Estimation of Recent Transmission of Mycobacterium Tuberculosis Strains among Iranian and Afghan Immigrants: A Cluster-Based Study

Background: Iran has extended borders with high-TB burden countries (Afghanistan and Pakistan) and immigrations of these populations influences TB distribution in the region and threatens the control strategies. The aim of this study was to evaluate the extent of recent TB transmission among Iranian and Afghan cases.

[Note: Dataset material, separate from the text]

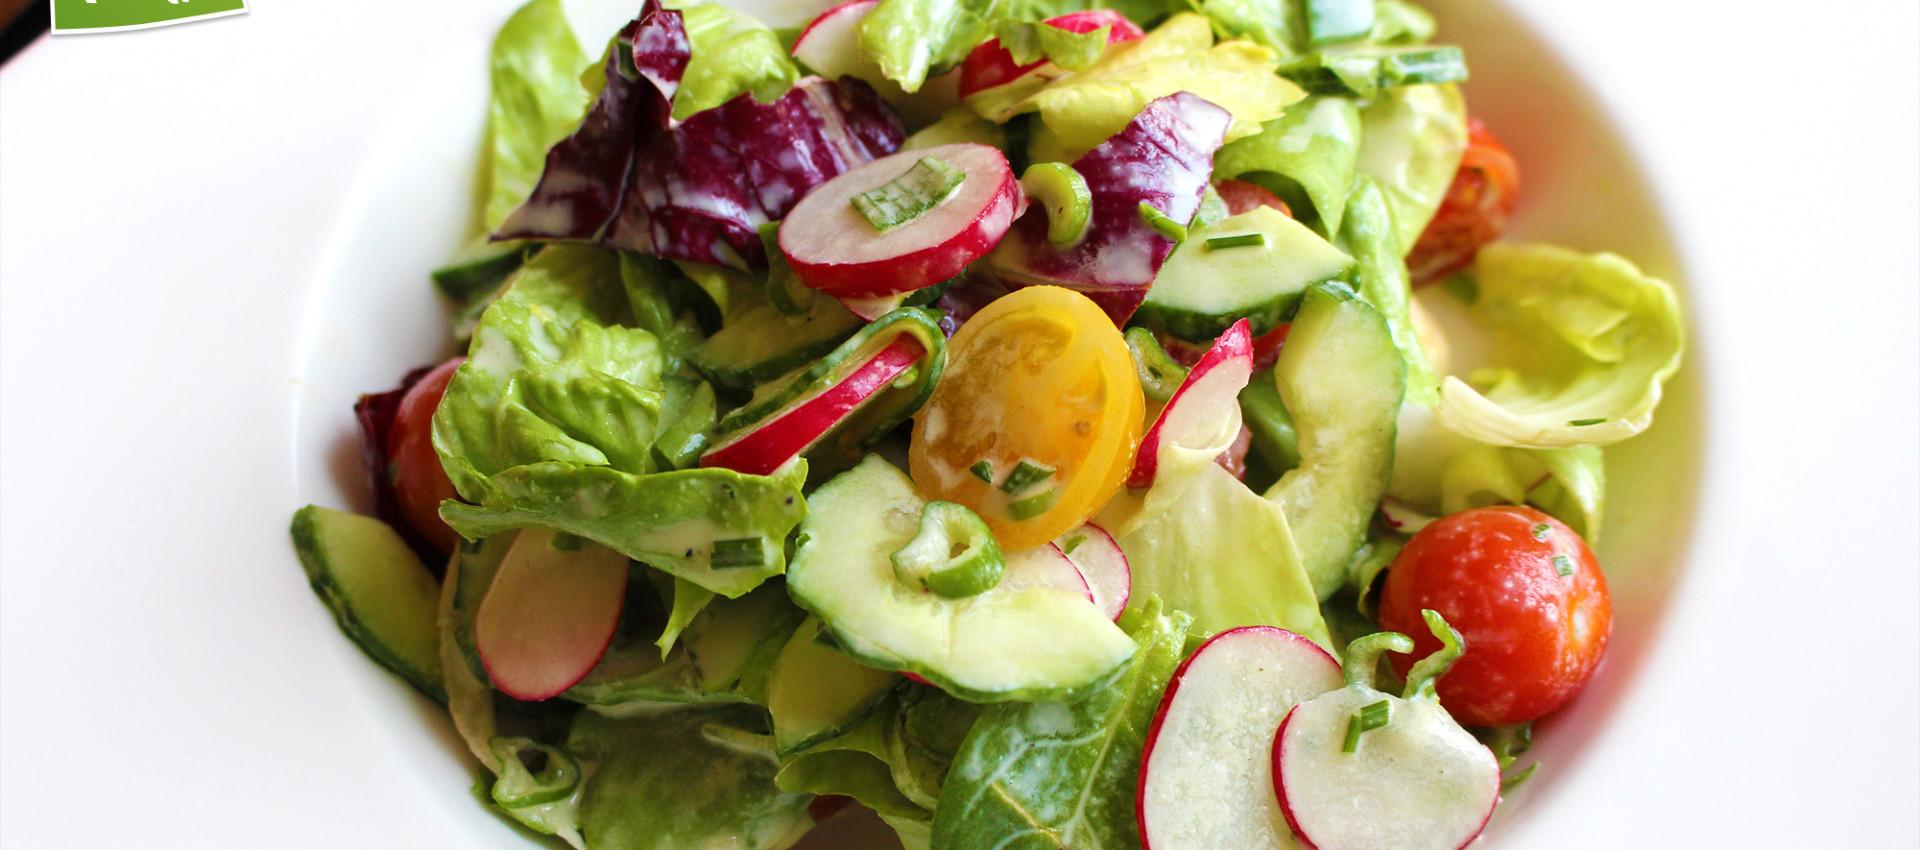 Rezept bunter Frühlingssalat mit Radiesschen & selbstgemachten Joghurt Dressing - KochBock.de

Materials and Methods: Spoligotyping and 15-locus variable number tandem repeat (VNTR) typing were applied to genotype 102 MTB isolates (2009 to 2010). Phylogenetic relationships were analysed by two methods: a cluster-graph method and a minimum spanning tree (MST) method. Furthermore, evaluation of recent TB transmission was assessed with three indices including, RTIn, RTIn-1 and TMI.

Results: Using molecular typing, 35 different spoligotypes were detected among the studied isolates. Seventy seven cases (75.4%) were distributed into 10 clusters and the remaining 25 (24.5%) isolates had a unique pattern. The cluster sizes also ranged from 2 to 21 isolates. The most frequent spoligotype in our populations belong to Haarlem (n=30, 29.4%) followed by CAS (n= 29, 28.4%) and Beijing (n=16, 15.6%) lineages. The used indices give the following values: RTIn = 0.75, RTIn-1 = 0.65 and TMI = 0.24.

Conclusion: The low rate of TB transmission in our findings (24%) showed that the mode of TB transmission in Iran is mostly associated with reactivation of a previous TB infection and that recently a transmitted disease has a minor role. However, the increasing incidence of the intra-community transmission in recent years highlights the need for establishing new strategies for control of TB.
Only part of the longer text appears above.